Kissing you in different moments of the evening, it was you. It was five years ago when the worst was a curfew. And though it wasn't a completely carefree night, I was able to resist the urge to bring up "the others" when I felt comparisons. I think that even though I have always said it, I am finally starting to believe that you either love me and will stand up for me and my morals or stop wasting my time.
I don't know if it's the struggles this past year has brought, the trip I took, my birthday (as everyone says something changes at 25), but I feel older. It's strange having a feeling of responsibility to handle situations differently. I have always wanted children, but it is scary to have the ticking time clock syndrome all of a sudden. There is something inside that just tells you that you are running out of time and need to have kids as soon as possible, I remember my sister running into the same thing when she turned 25. It's easier to have children the younger you are and when you want to have five like I do, it's scary to think that the longer you wait, the older you will be trying to carry them to term.
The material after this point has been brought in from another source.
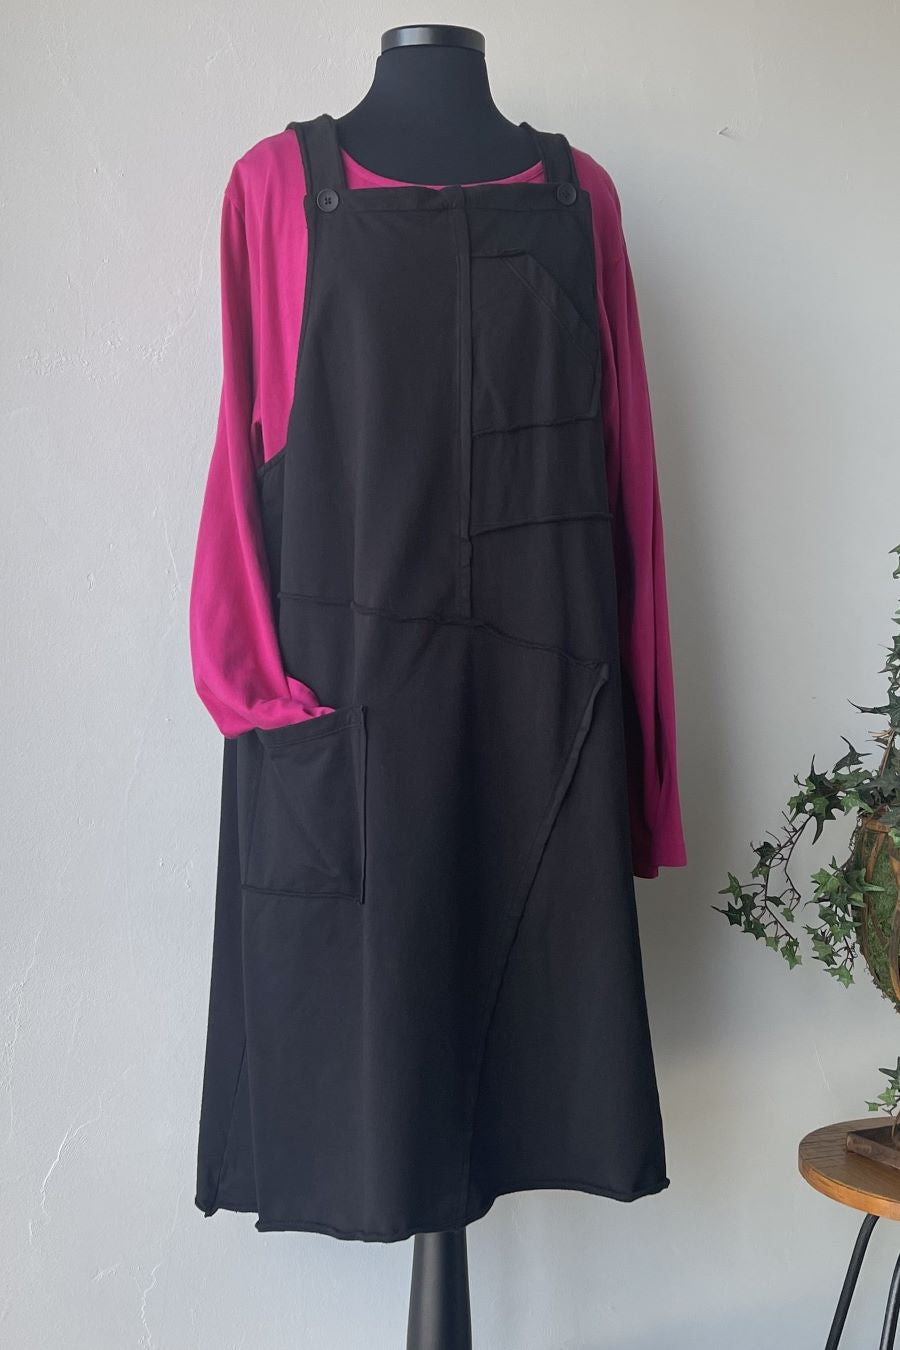 C44642SBLK Black Jumper Dress - Solid

I have always pictured being the young, hip mom that my kids like taking out and want their friends to be around. And my body isn't nice as it is.
~
I hear the ticking of the clock
I'm lying here, the room's pitch dark
I wonder where you are tonight

No answer on the telephone
And the night goes by so very slow
Oh, I hope that it won't end though alone

Till now I always got by on my own
I never really cared until I met you
And now it chills me to the bone
How do I get you alone?

Monday, August 15, 2011

I Did it Again

I did it again, I pushed you away without meaning to. I don't know why I expect you to sit there while I say the things I need to say, hurtful things that won't really get us anywhere in the long run. I wish so badly that when I did you would grab me and hold me and tell me you're sorry, but you don't, you get angry and hurt...I would to. You yelled back and then you walked out. I sat at the table, our food growing cold, and cried. I paced, I controlled myself from the urge to punch the wall, I cried more. And then I stopped. I remembered looking into your eyes as I spoke to you and seeing tears and for the first time, I saw actual remorse. It's strange out of all of our conversations, I don't remember you genuinely saying you are sorry, but at the table, you looked it and you looked deeply hurt by my words. So I stopped crying and felt this calm come over me as if I finally saw what I had needed to see from you. Out of all of my arguments, you never reacted the way I needed you to. I'm sorry for some of the things I said. I wish you knew how much it hurts when you say that you wish I would write more or play music, because I want to be that person again too and I'm slowly getting there, but I'm not going to automatically jump back into her skin when something happened that made me feel like it wasn't right for me to be her. I hate that you keep pushing me being active, you used to tell me that you just wanted me to be happy with my body, you didn't care what I weighed, and now that I've lost a lot of weight and feel a lot better about myself, I feel as if I will never be good enough for you, because you barely even acknowledge the progress I've made. I hate that you feel like it's ok to run away from confrontation until you are ready to deal with it, leaving people to sit, wondering where you are and when they can put the issue to rest, it's disrespectful. I would like to finish an argument in the same day. I hate that the calm didn't last and now I cry myself to sleep, wondering if you care that I'm miserable while you go on with your daily life, telling me that you don't have the energy to have a conversation with me. This was days ago...when will you have the energy?